Tem como desvantagens: gerar alguma descoordenação no exercício da função administrativa; abrir a

porta ao mau uso dos poderes discricionários da Administração por parte de pessoas nem sempre bem

preparadas.

É por isso que hoje em dia, na generalidade dos países do mesmo tipo de civilização e cultura que o

nosso, o debate não é entre centralização e descentralização, mas sim, no quadro de um sistema

juridicamente descentralizado, entre um sistema mais ou menos descentralizado do ponto de vista

político-administrativo e do ponto de vista financeiro.

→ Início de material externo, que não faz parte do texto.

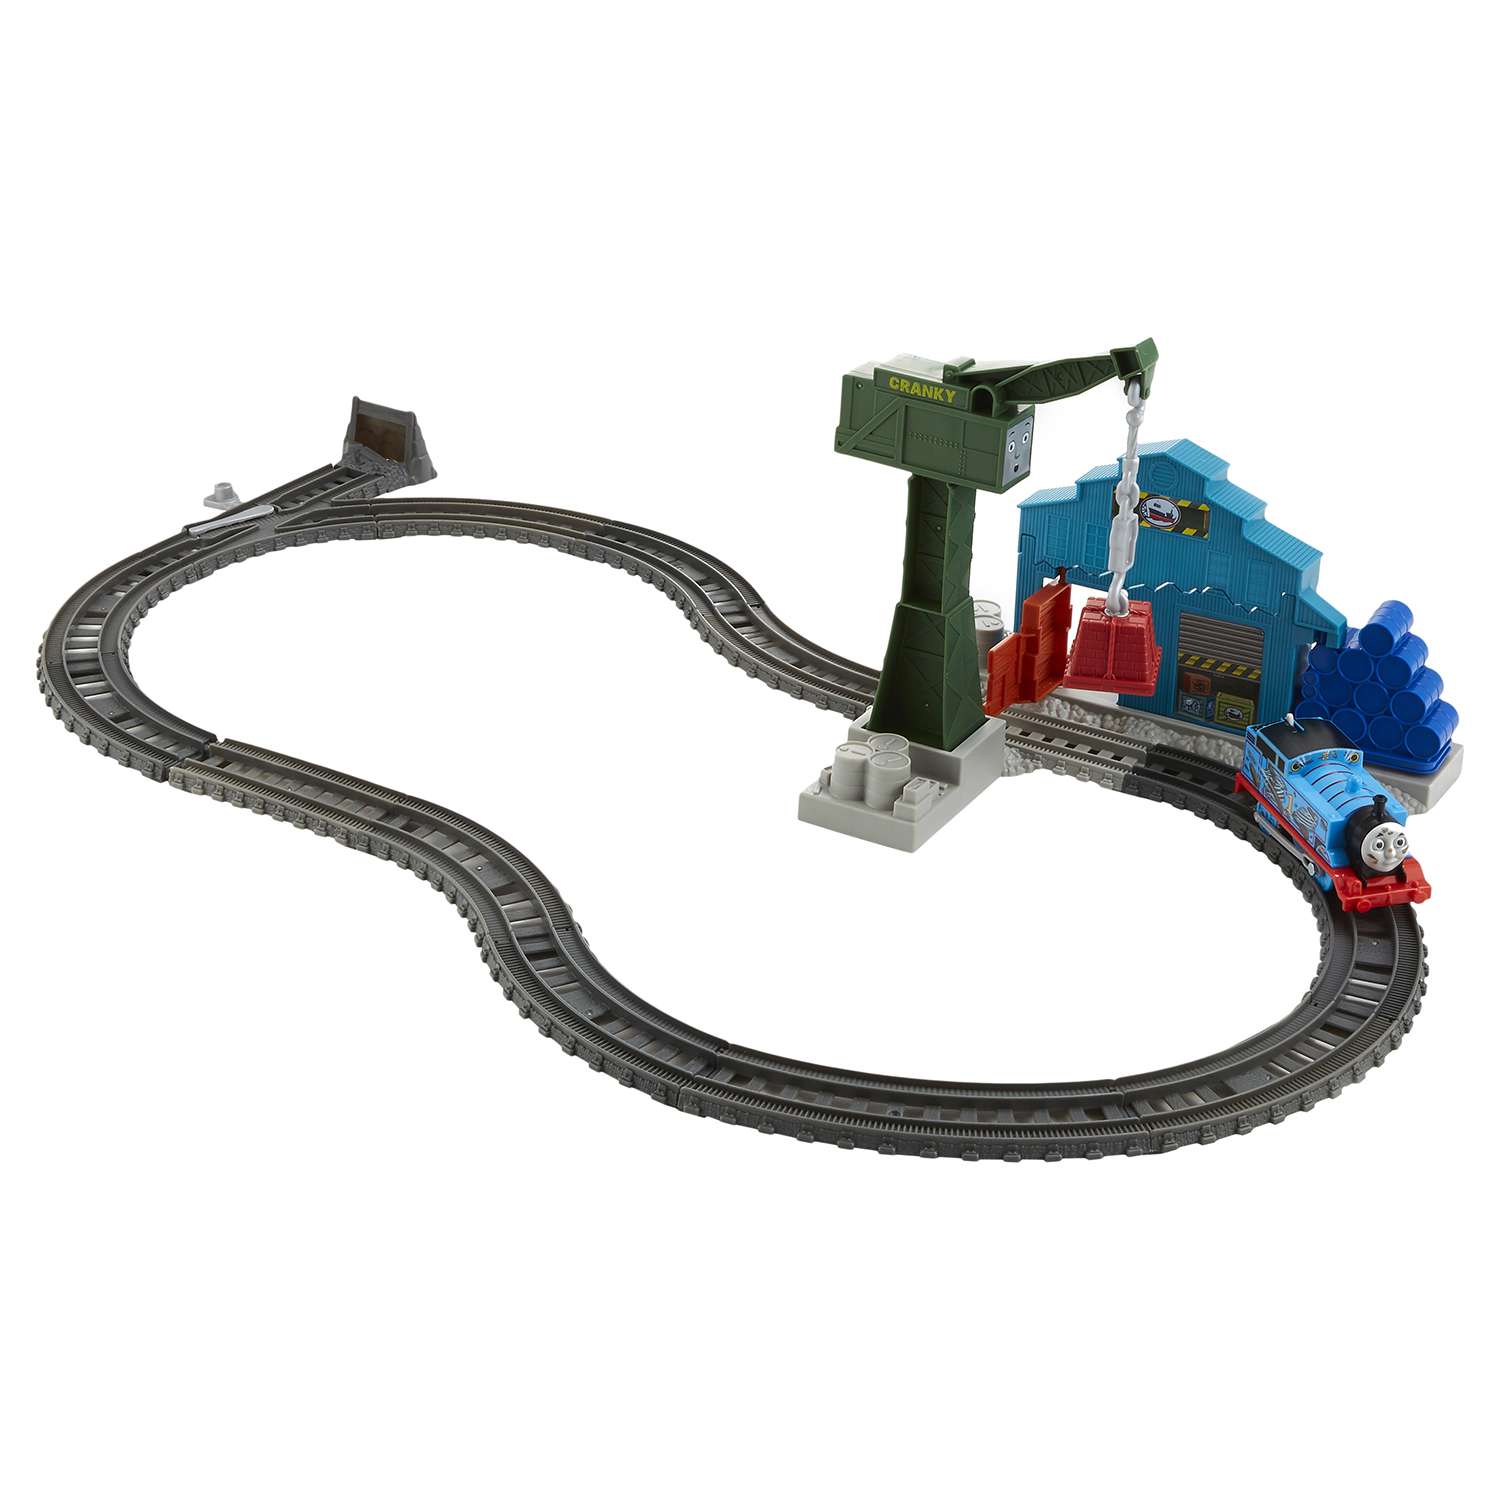 Игровой набор Thomas & Friends с паровозиком Томасом и подъемным краном Крэнки DVF73 - фото 7

Em Portugal, o art. 6º/1 CRP estabelece que “o Estado é unitário e respeita na sua organização os

princípios da subsidiariedade, da autonomia das autarquias locais e da descentralização democrática da

administração pública”. No mesmo sentido vai o art. 267º/2 CRP. Constitucionalmente, o sistema

administrativo português tem de ser descentralizado: toda a questão está em saber qual o grau, maior ou

menor, da descentralização que se pode ou deve adotar.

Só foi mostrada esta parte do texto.